El desastre ha sido tal que asustan las imágenes de las consecuencias de la riada de Valencia por la Dana de la pasada semana. Una terrible catástrofe que no solo ha afectados a numerosos bienes materiales, sino que ha tocado a un número significativos de vidas humanas. Está bien que llueva, pero de esta manera no es la forma más adecuada. Nos lo han explicado con detalle, mostrándonos cómo el frio polar de la corriente Atlántica toma contacto con los efectos de la evaporación del Mediterráneo y su temperatura de principios del otoño; pero no nos resulta suficiente esta explicación meteorológica. Por mucha explicación que recibamos nos resulta duro descubrirle un sentido a lo acontecido. La realidad, por mucho que se describa en sus causas y efectos, duele. Y ese dolor apela a explicaciones que no nos da la ciencia ni su encadenado cambio climático. Se trata del dolor por un padre, unos hijos, el abuelo o los amigos. Es duro este dolor ajeno del que nos hacemos cargo con la empatía mínima que podamos despertar en nosotros.
Que algo duela, física o moralmente, es un aviso de la naturaleza que nos está gritando que algo funciona de manera inadecuada. Las enfermedades silenciosas no duelen y, cuando nos damos cuenta de ella, es ya tarde para buscarle solución. El dolor contiene un elemento beneficioso. Es bueno, en este sentido, que duelan los desastres. Nos llama a buscar alguna solución. De hecho, llorar viendo una película es consecuencia de esa extraordinaria capacidad humana de sentir con los otros. Abrigarnos por el frío ajeno y despertar la solidaridad de forma mimética. Esto es real; ocurre realmente.

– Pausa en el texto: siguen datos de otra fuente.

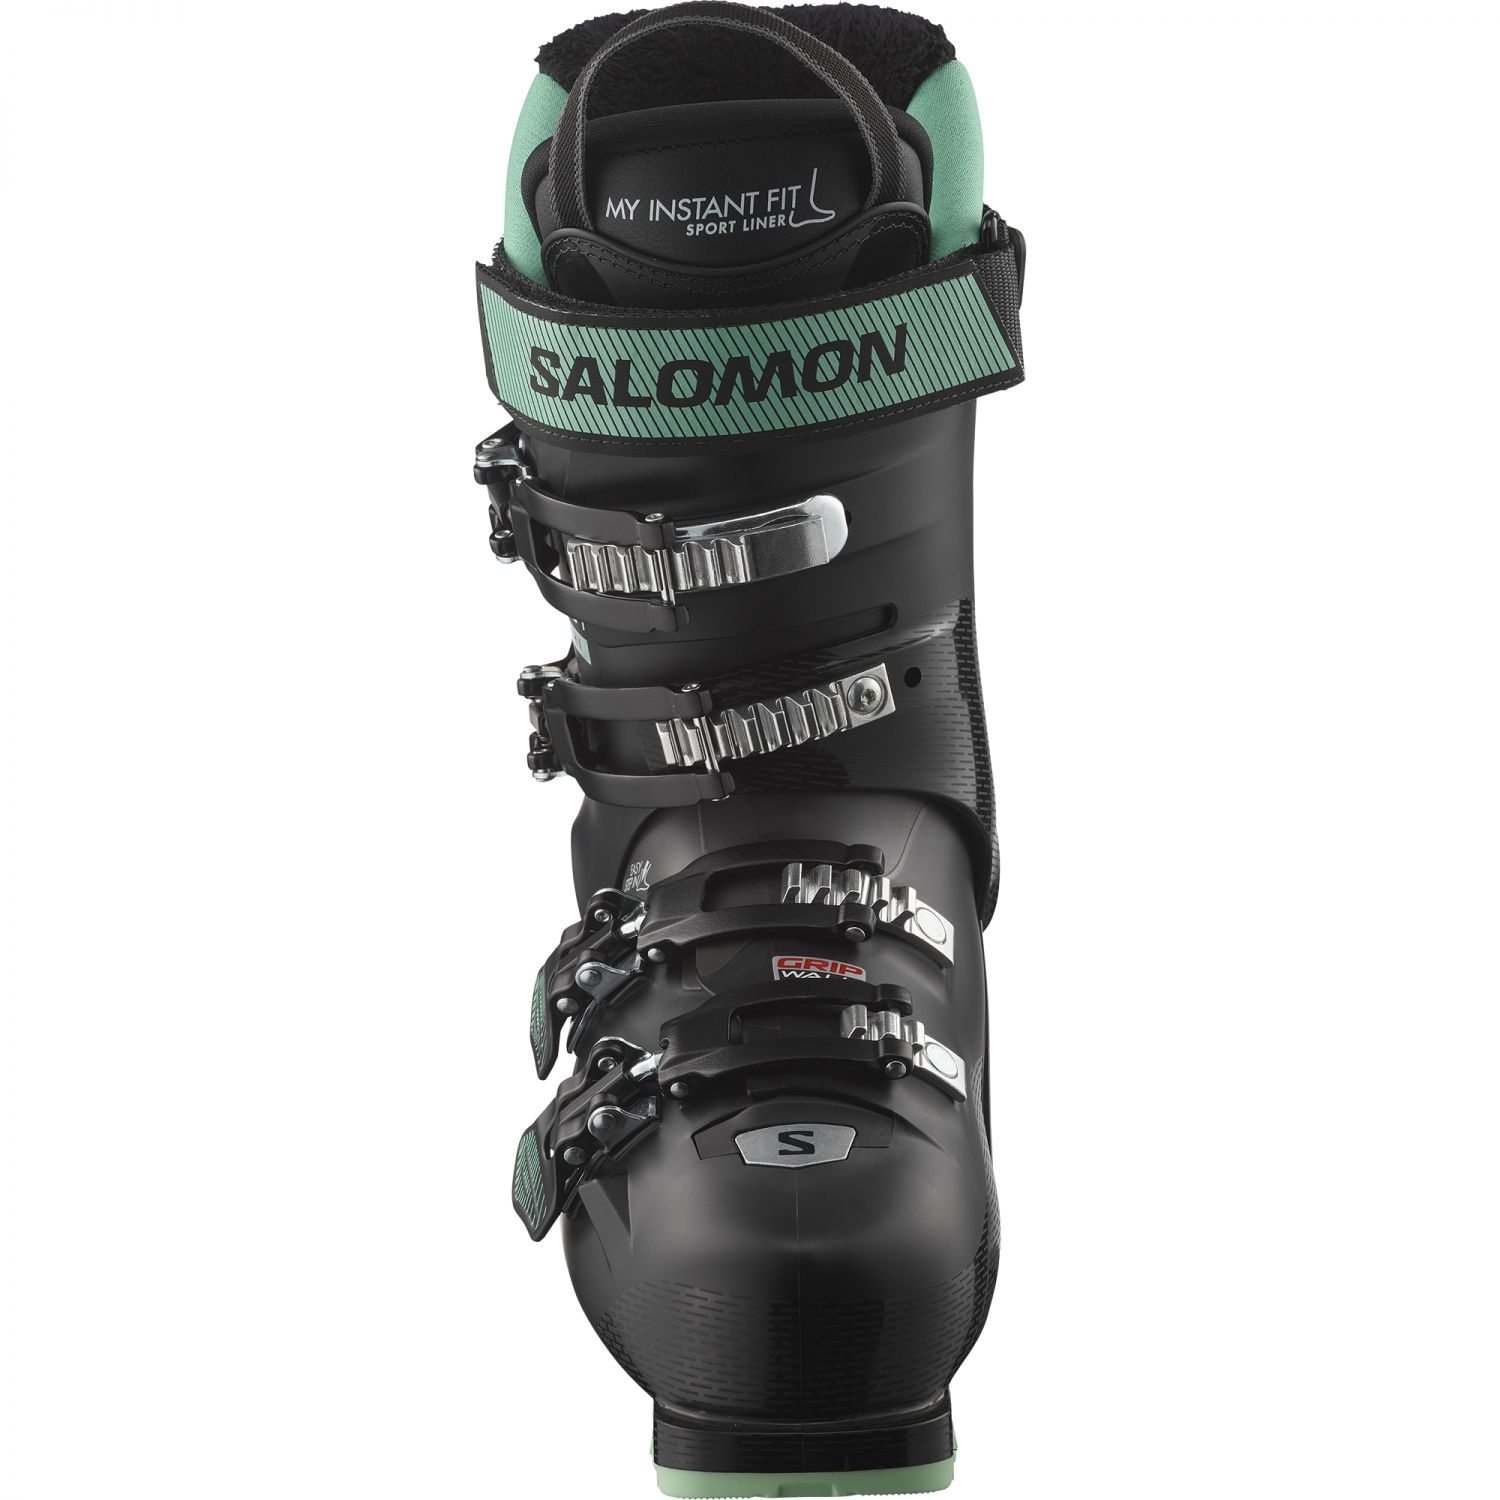 Salomon Select HV 80 W GW, chaussures de ski, femmes, noir/vert/blanc

Todos somos Valencia no es una frase bonita, sino la consecuencia de una empatía social que nos sitúa en algo que es verdadero. Hay una comunión social que es capaz de hacerse cargo del dolor del otro. No es sensiblería, razón epidérmica y empatía ciega. Es el eco de nuestra dimensión social e histórica que nos hace ser verdaderos individuos sanos. Quedarnos en esa experiencia es lo pobre humanamente hablando. Pero el compromiso nace de una razón que descubrió el latido cordial de la solidaridad.

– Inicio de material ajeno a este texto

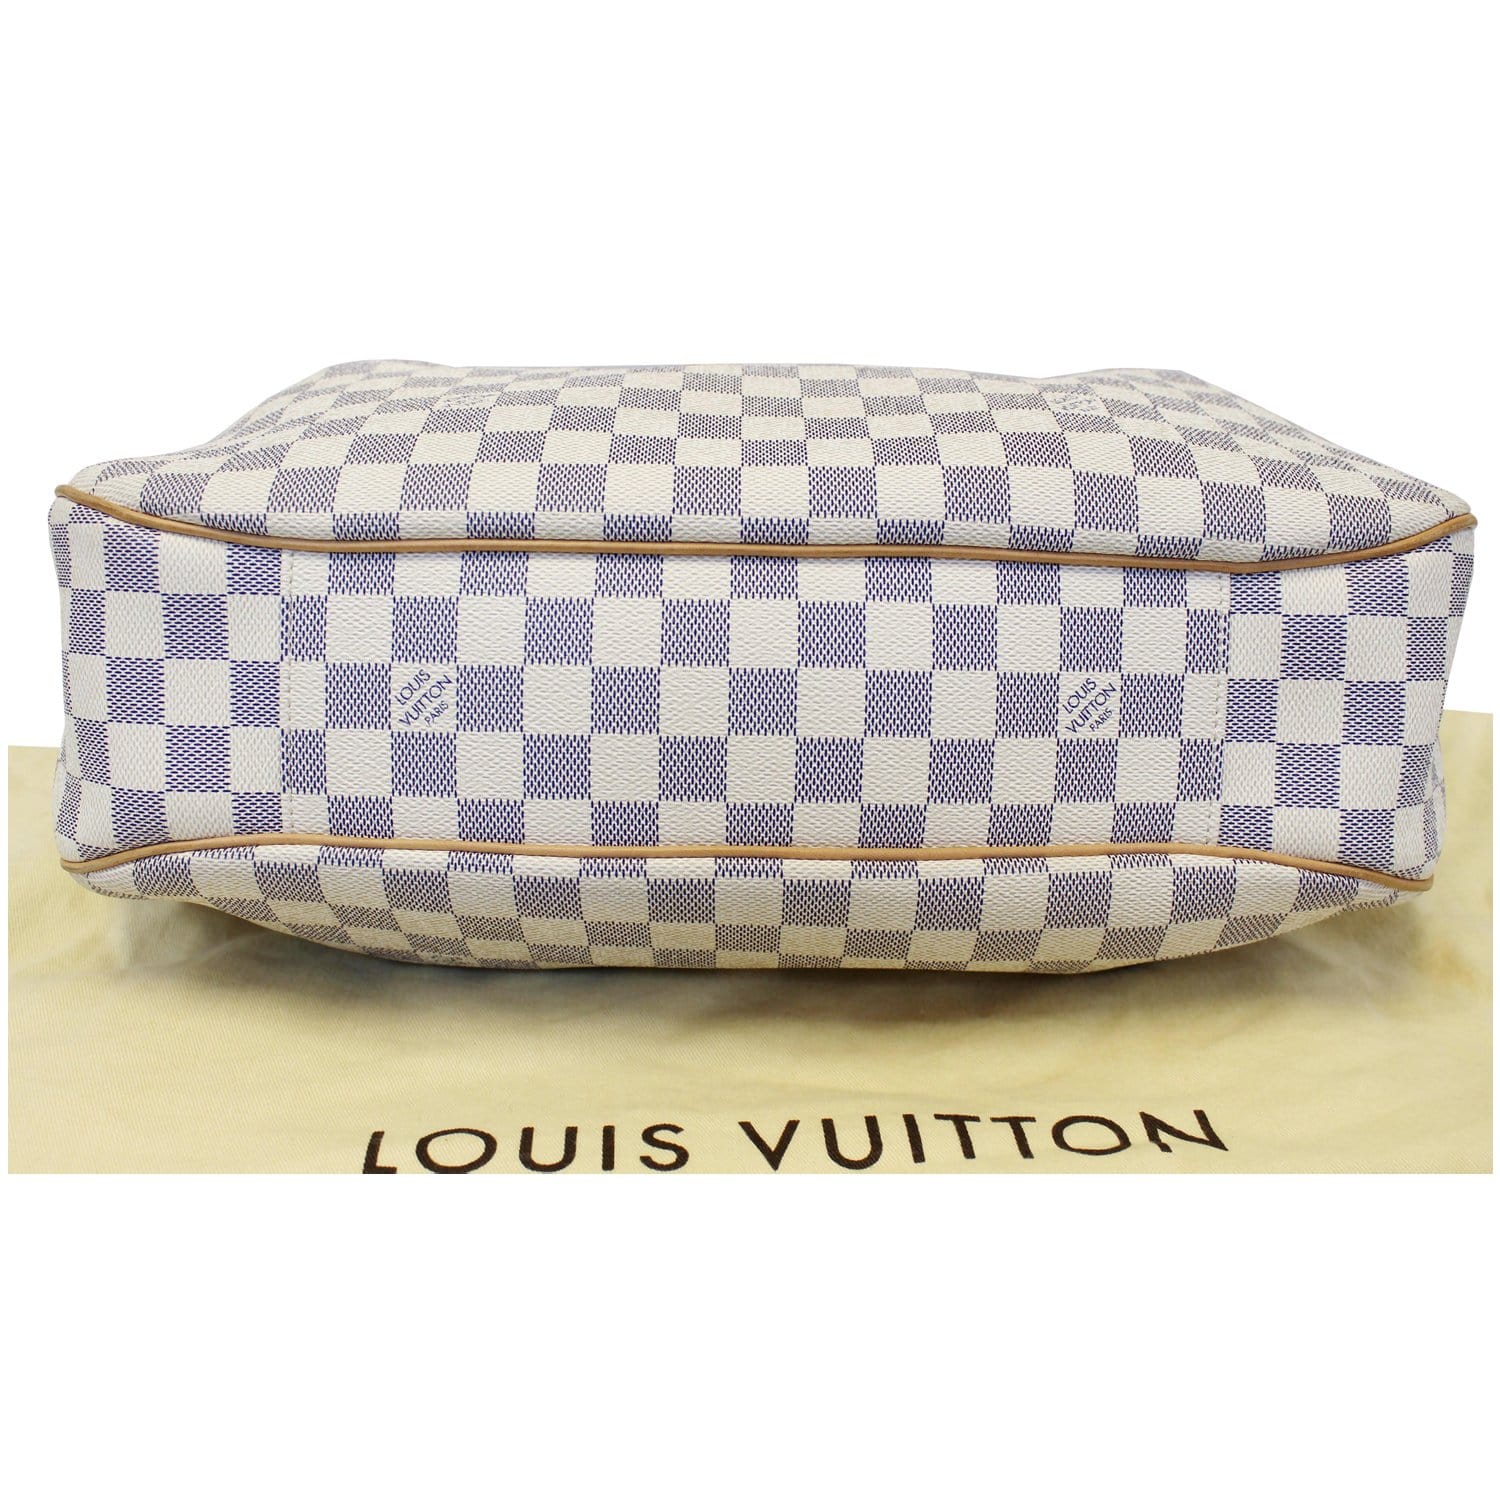 Azur - Vuitton - N51261 – sac alma louis vuitton neuf - Louis

Perder esta sensibilidad es peligroso, como lo es enfermarnos y no sentir la clínica de la enfermedad. No estaremos nosotros calientes mientras alguien pase frío y vea como se destruyen las ilusiones arrastradas por el verdadero fango de la sociedad. Un fango que duele de verdad.
La importancia que tienen, en este sentido, los medios de comunicación y de información es fundamental. Ellos son los que ponen delante de nuestra mirada la realidad. El resto ocurre en nuestro interior. Pero ellos muestran, con esa sabiduría técnica con la que se muestra la verdad, aquello que ocurre. Mostrar la verdad desnuda y desinteresada es su gran servicio. Por ello debemos bendecir la tarjeta internacional de corresponsable de guerra o de emergencia.
Hace unos días me decía alguien que había sido testigo de cómo una cuidadora, fuera de su horario laboral, había enviado varios mensajes de voz al móvil a una señora mayor que se iba a quedar sola toda una tarde de fin de semana. Grabar varios mensajes porque, mientras iba en guagua hacia el sur, sentía el dolor ajeno de la soledad de una persona. Eso que no cuesta nada puede ser el salvavidas para que cobre sentido la tarde de un domingo.
El valor de lo pequeño. De los detalles. Del fango doloroso de Valencia.